Required action
Exactly as written, print out each entry in the data, with no pictures.

Data listing

########

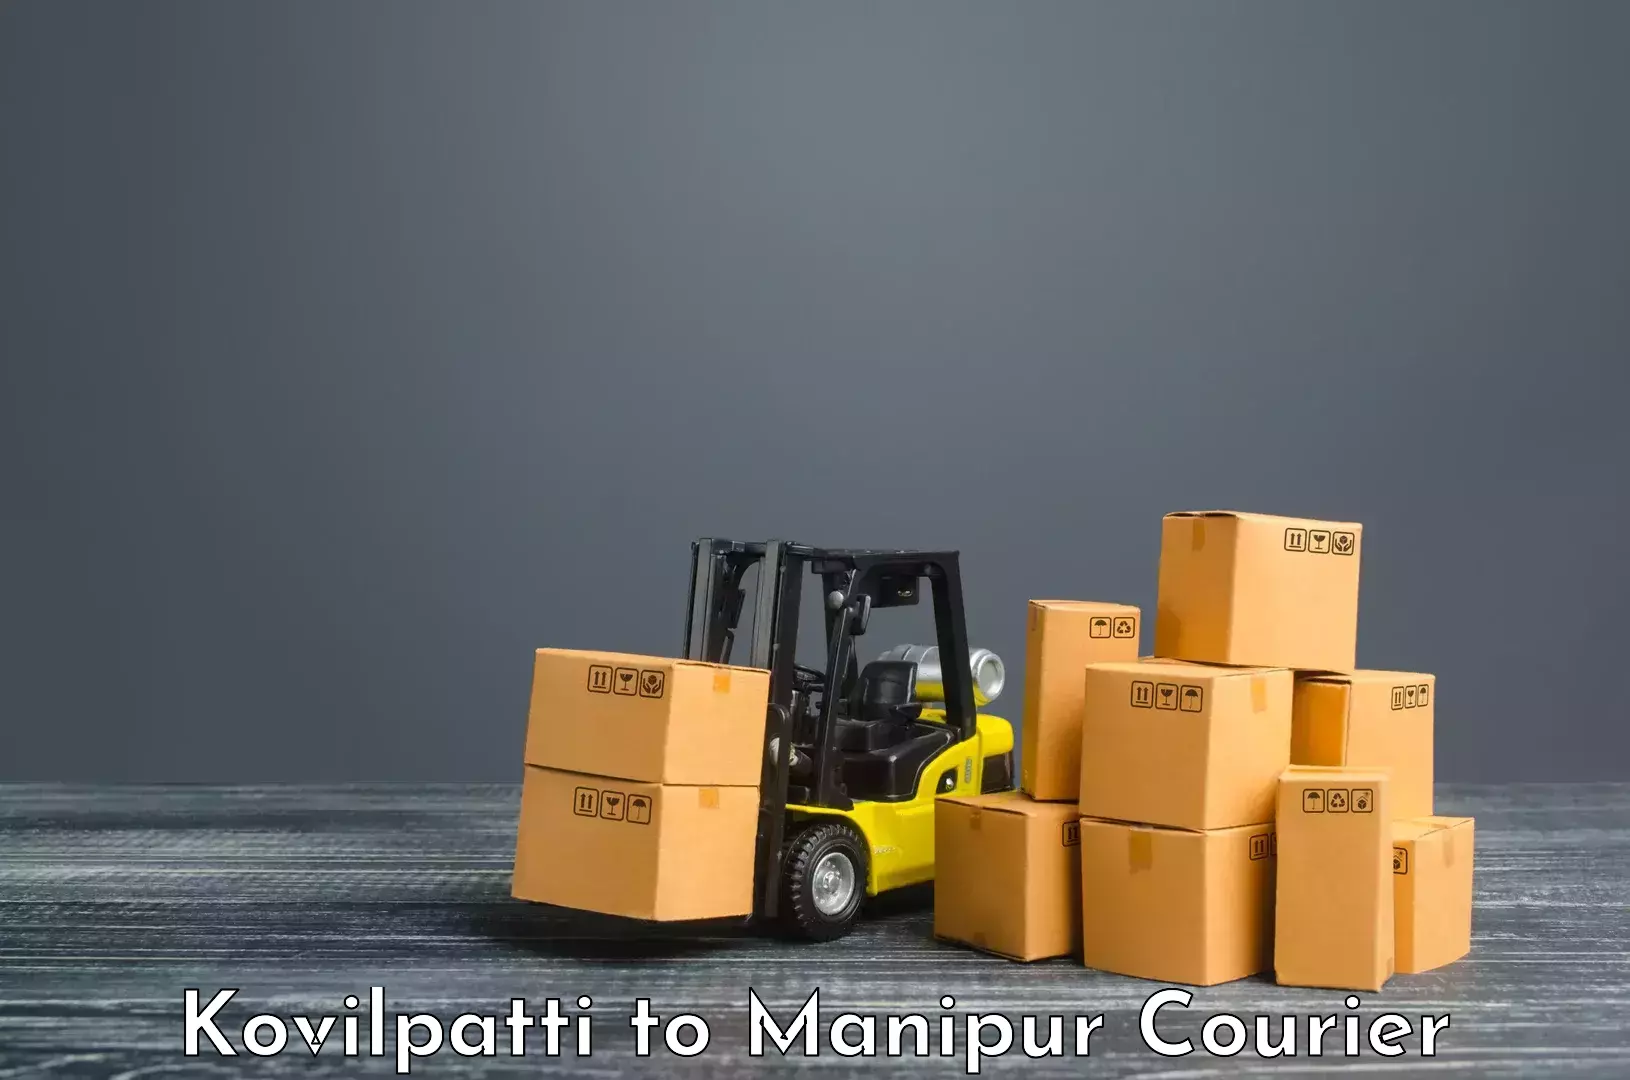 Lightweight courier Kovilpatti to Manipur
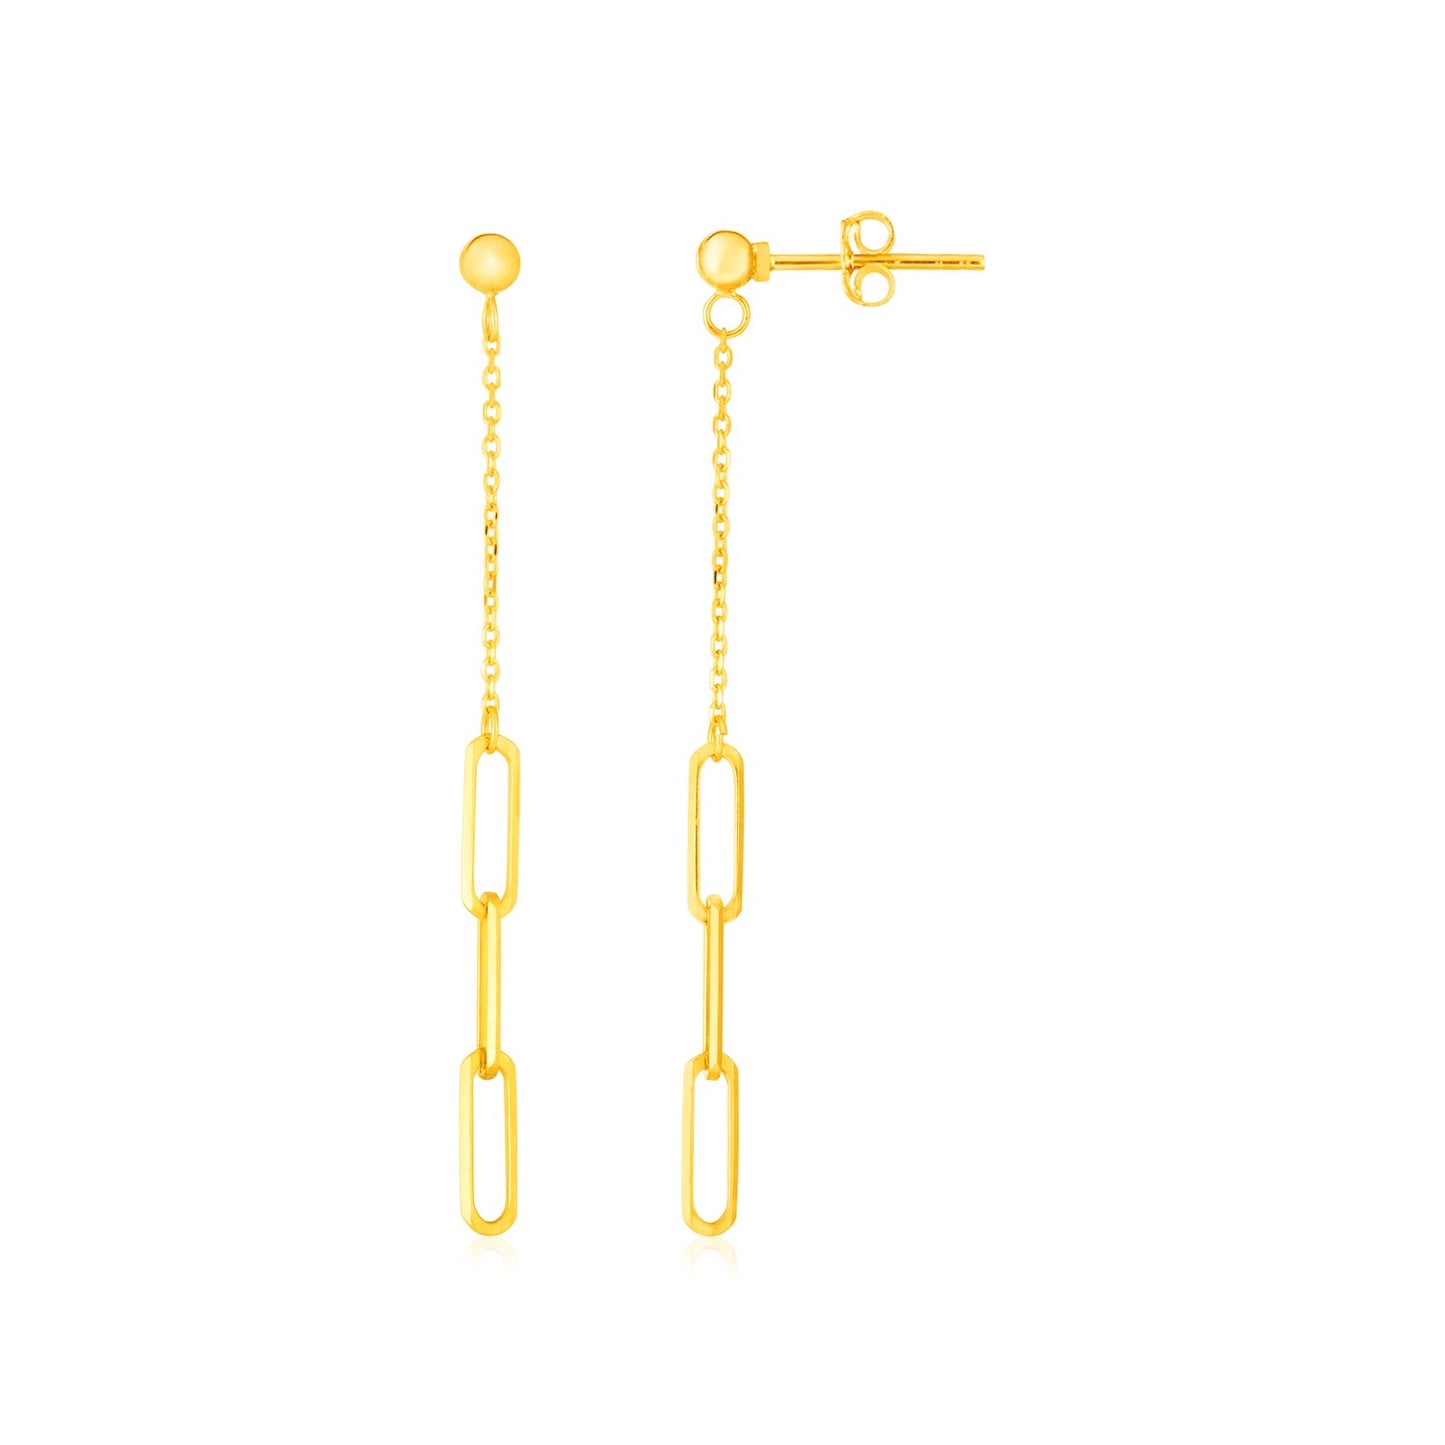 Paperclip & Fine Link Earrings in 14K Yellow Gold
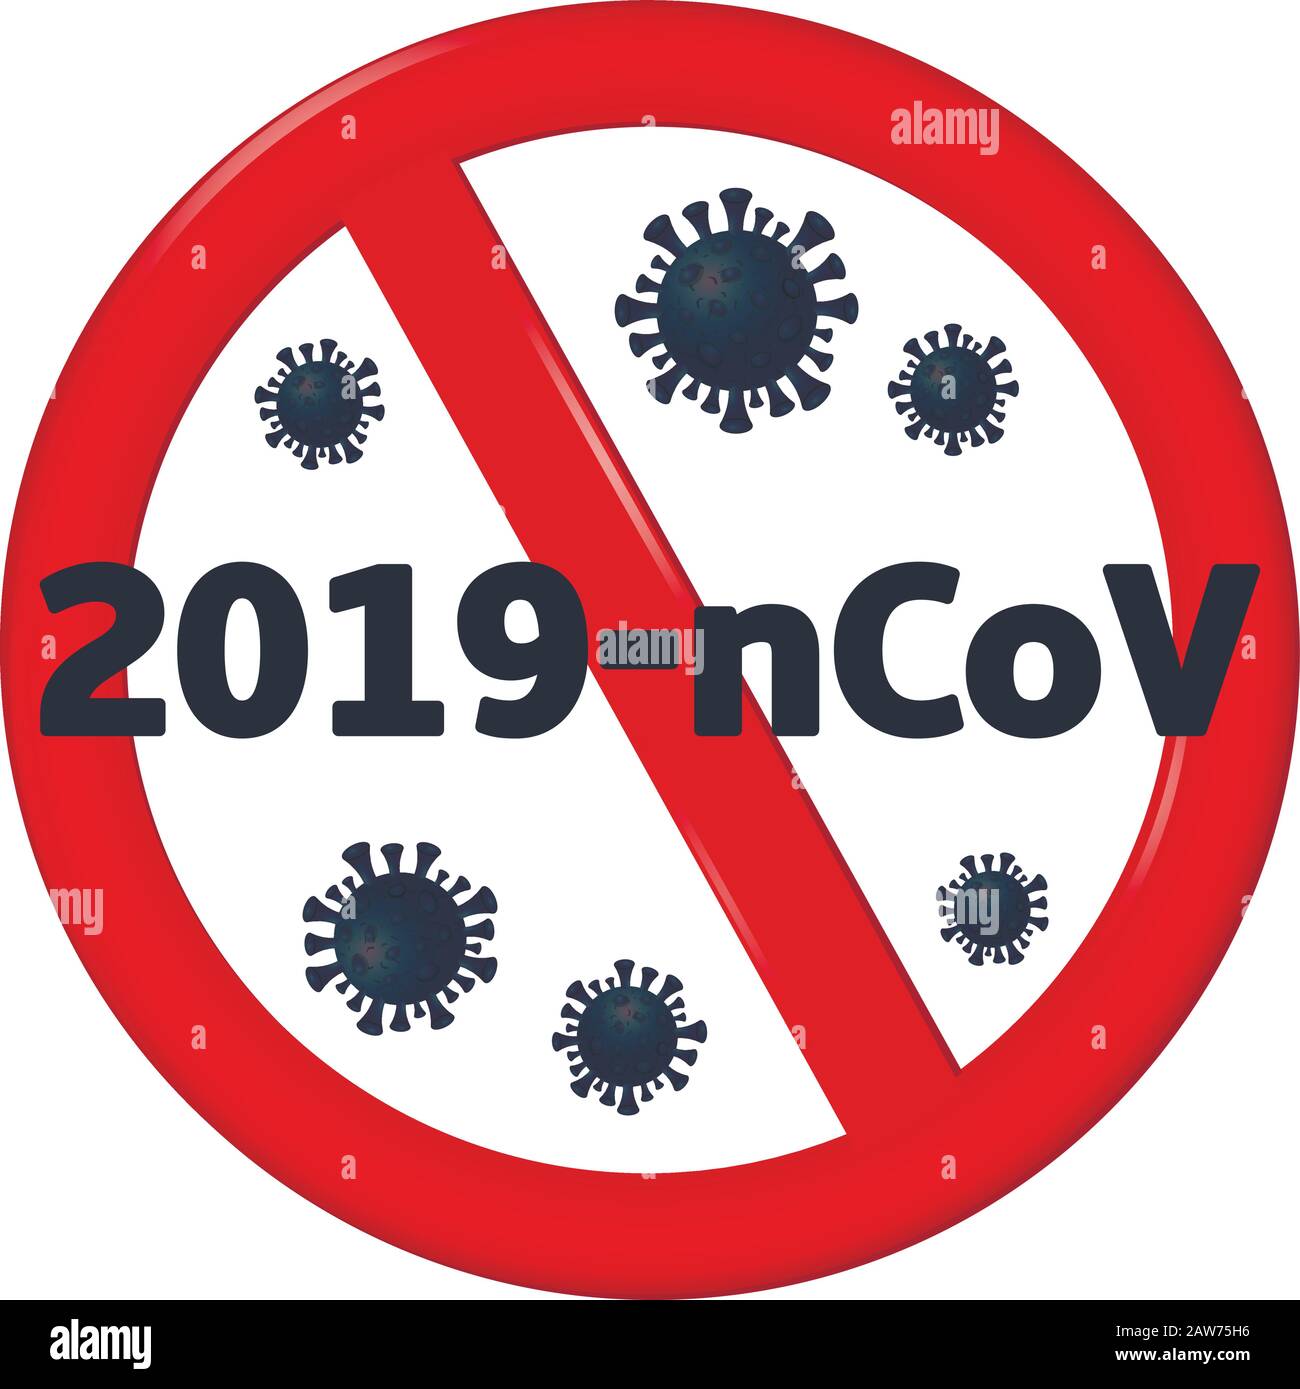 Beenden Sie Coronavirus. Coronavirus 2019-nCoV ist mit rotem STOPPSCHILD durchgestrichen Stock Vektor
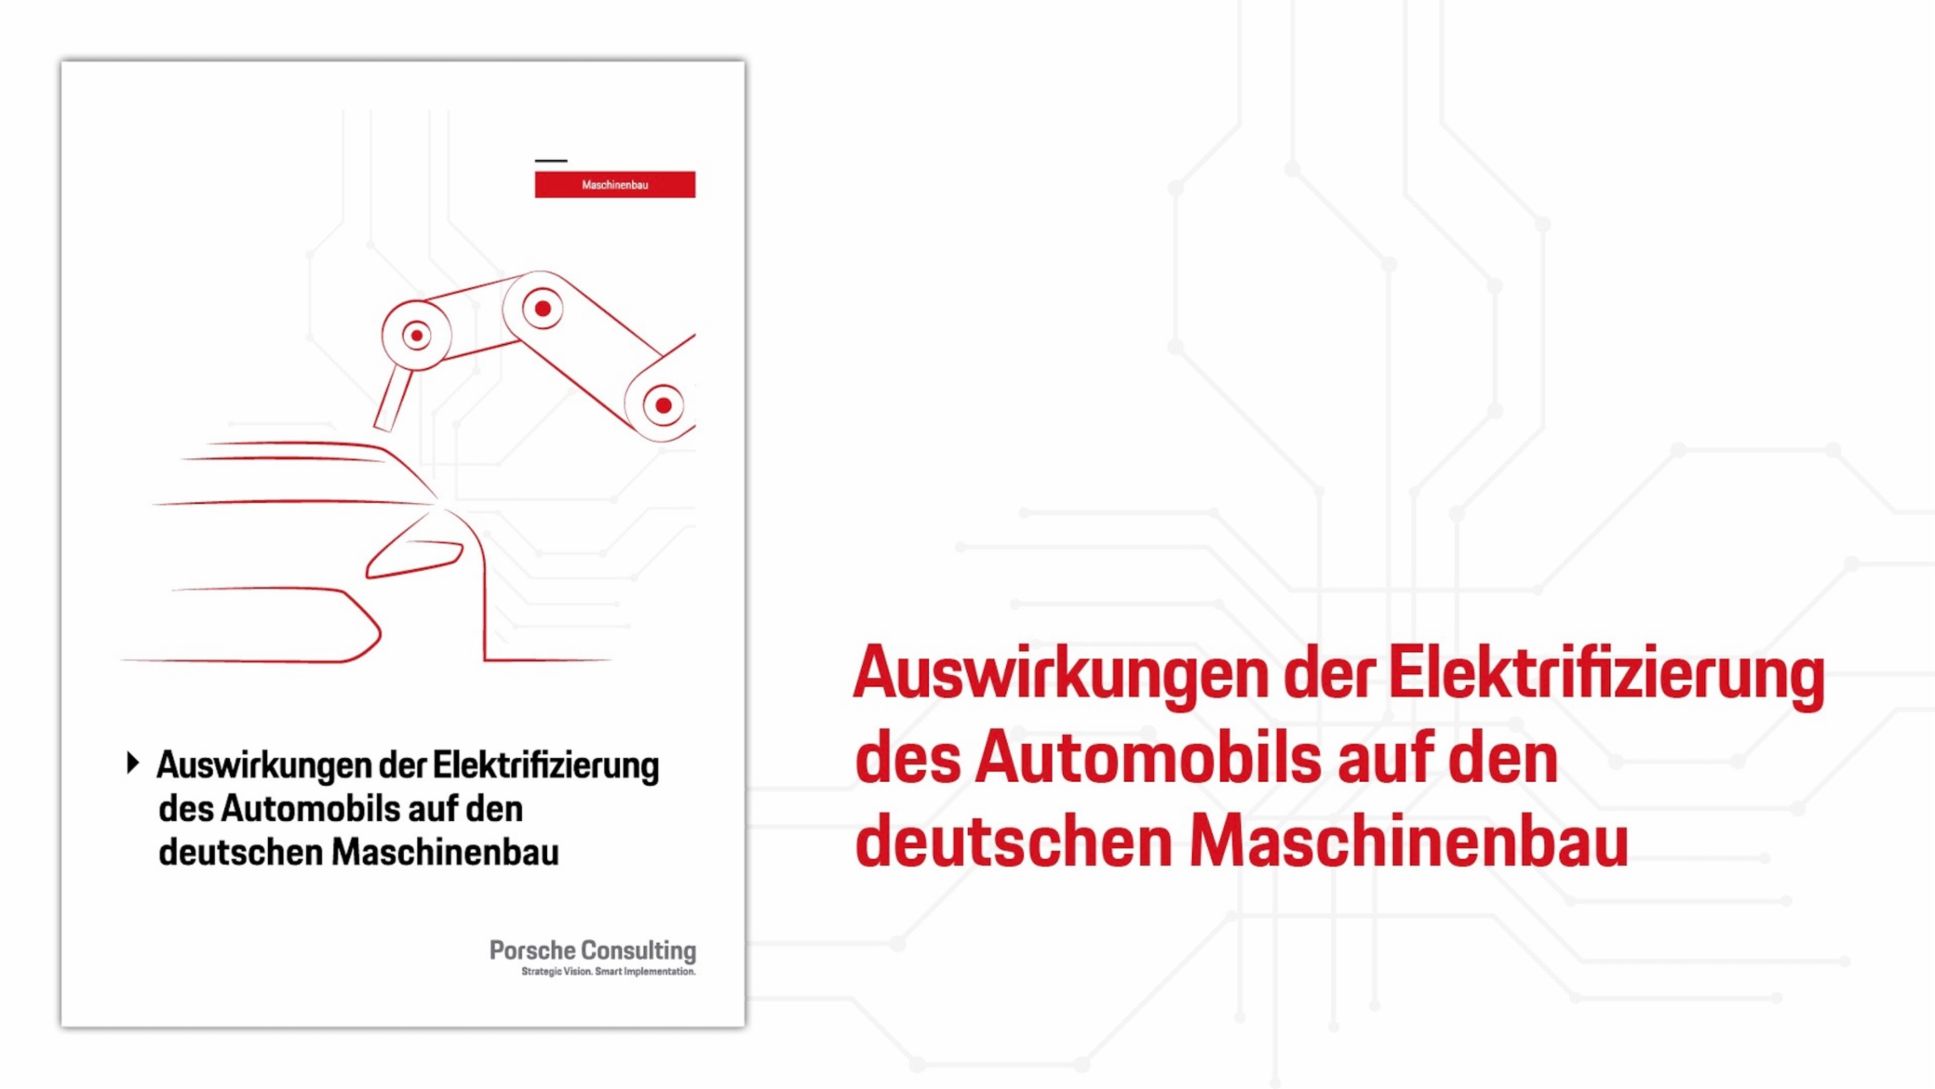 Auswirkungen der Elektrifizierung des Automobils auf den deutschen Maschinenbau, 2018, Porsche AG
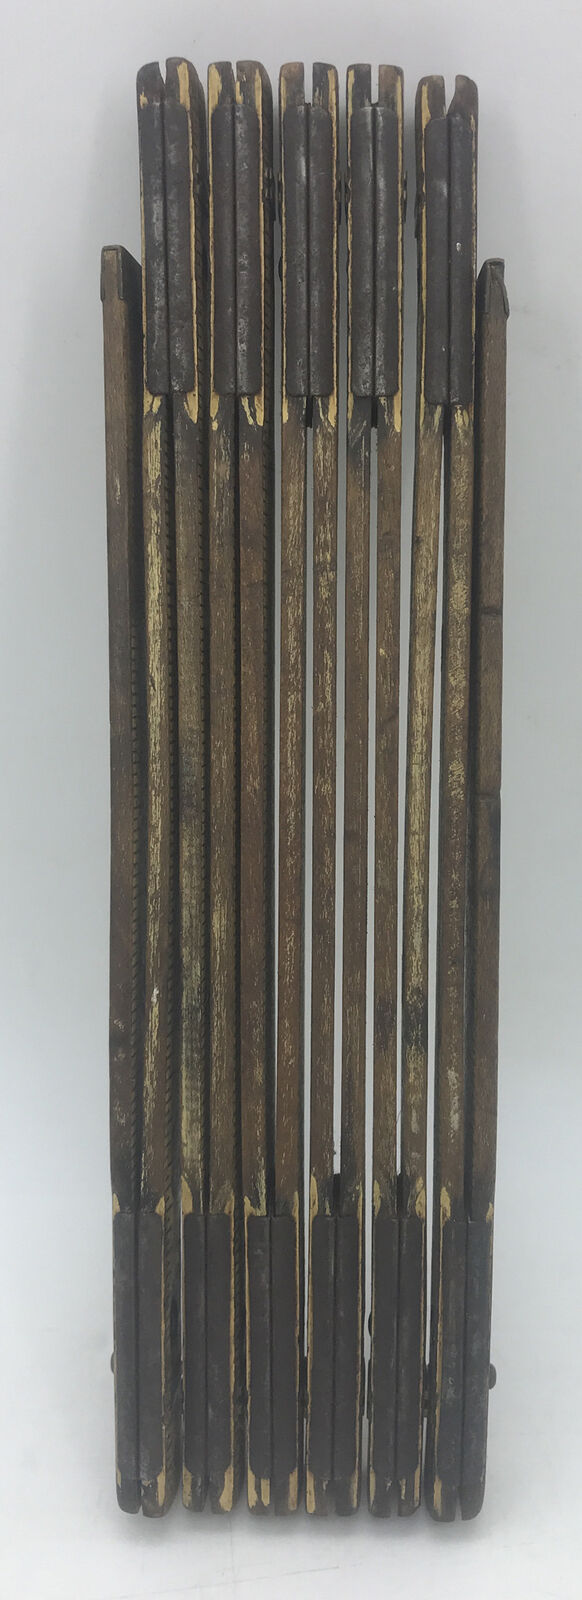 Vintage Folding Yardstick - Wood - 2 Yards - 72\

########

Your solution
 Lightweight courier Kovilpatti to Manipur
 Paperclip & Fine Link Earrings in 14K Yellow Gold
 Beenden Sie Coronavirus. Coronavirus 2019-nCoV ist mit rotem STOPPSCHILD durchgestrichen Stock Vektor
 Auswirkungen der Elektrifizierung des Automobils auf den deutschen Maschinenbau, 2018, Porsche AG
 Vintage Folding Yardstick - Wood - 2 Yards - 72\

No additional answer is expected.